If I ever have the chance to teach at a pre-marital counseling class, I plan on depriving the happy couple of sleep for a week, feeding them only candy canes, giving them a screw driver and 25 unassembled toys, and telling them they have 45 minutes to have them put together, wrapped, and under the tree. Oh, and here is a sleeping four month old baby, who during this assembly marathon, will wake up screaming and take an explosive crap on you and your husband, and will then need to be bounced around for three hours. In a row.

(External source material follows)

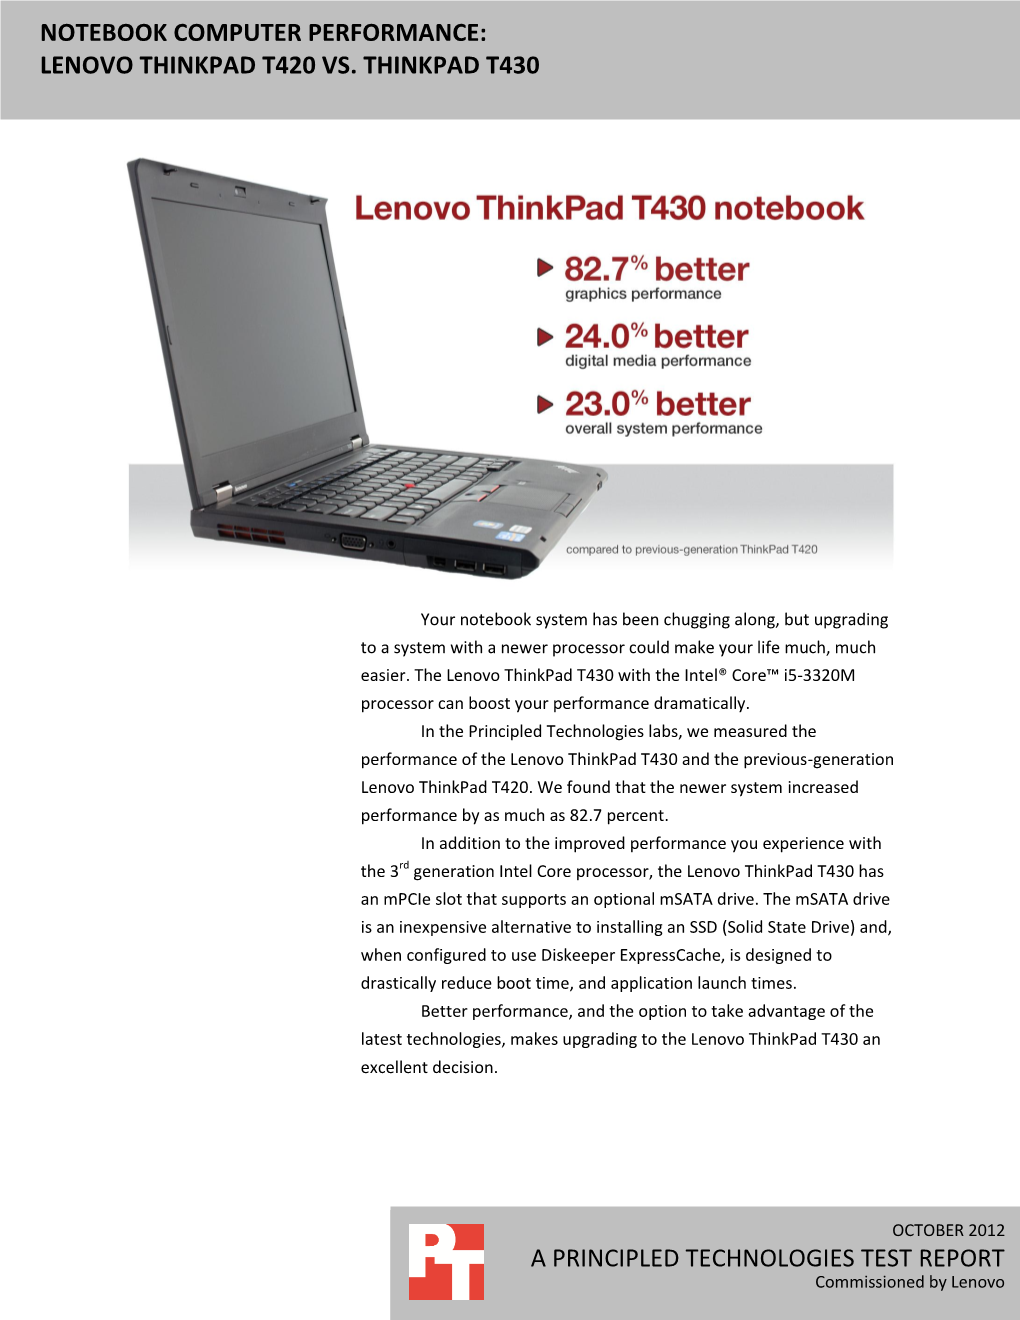 Notebook Computer Performance: Lenovo Thinkpad T420 Vs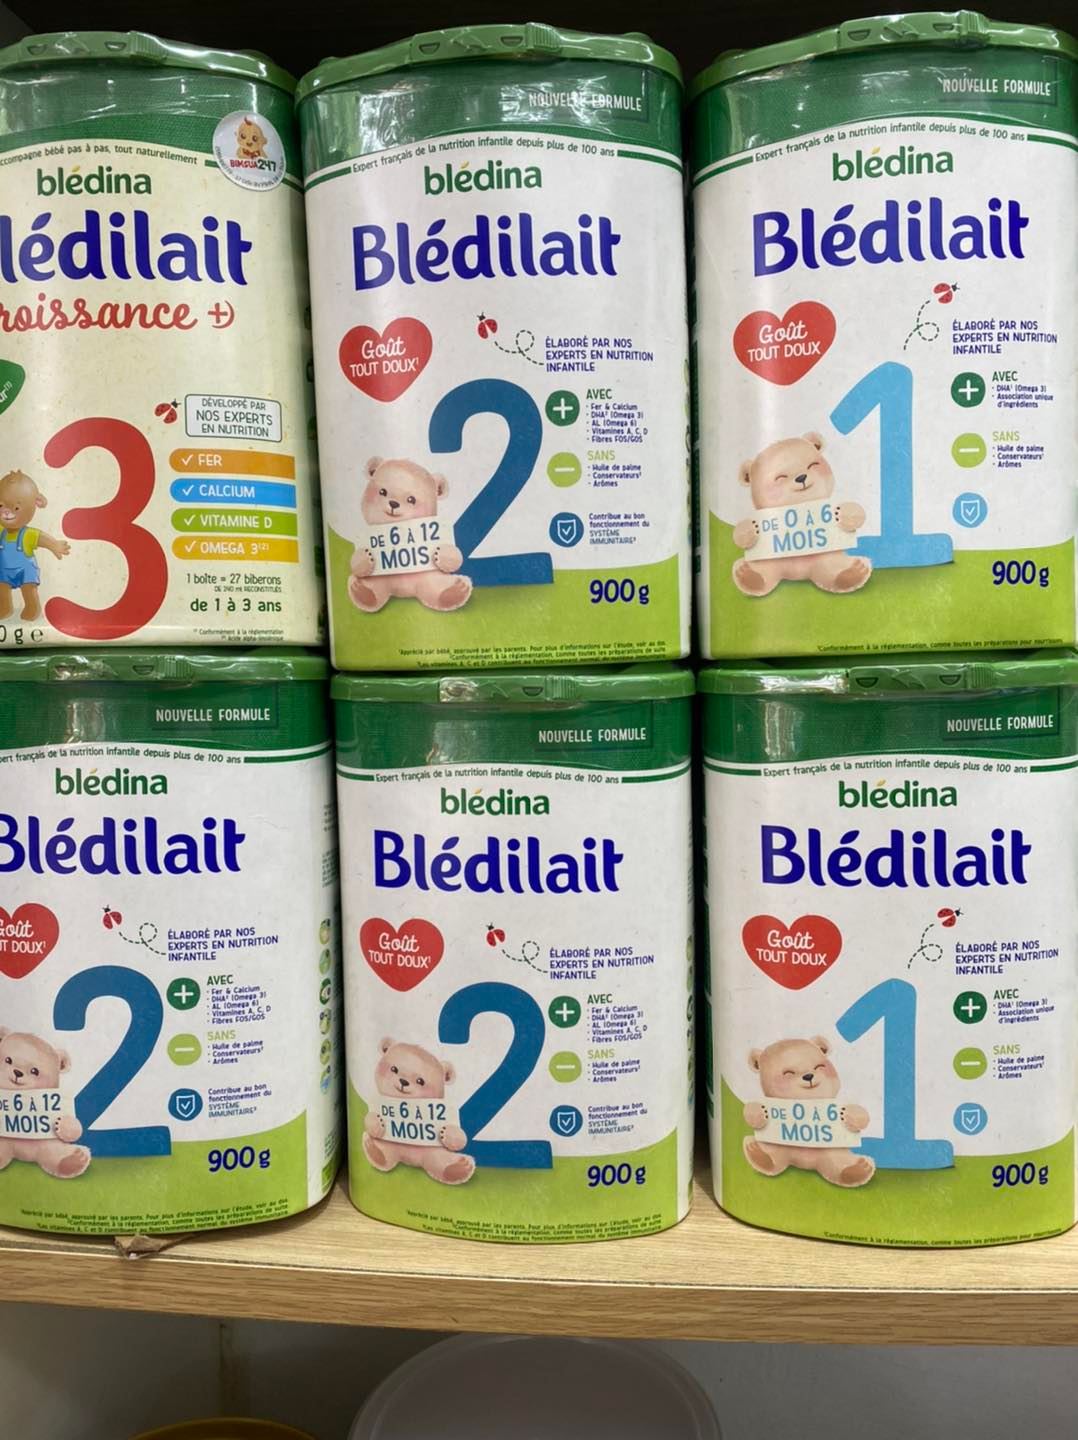 Sữa Bledilait  số 2 của Pháp hộp 900g

I remember now why I was an emotional wreck that Christmas Eve, swearing violently and weeping, and calling my husband a jerk while he put toys together for our children. I was pregnant, and didn’t know it yet. And the following Christmas, we had a screaming four month old crap on us in the garage at 3AM.

It’s all worth it. Of course it is. When they run out ecstatic Christmas morning, you magically forget the previous four hours. Like childbirth. And morning sickness.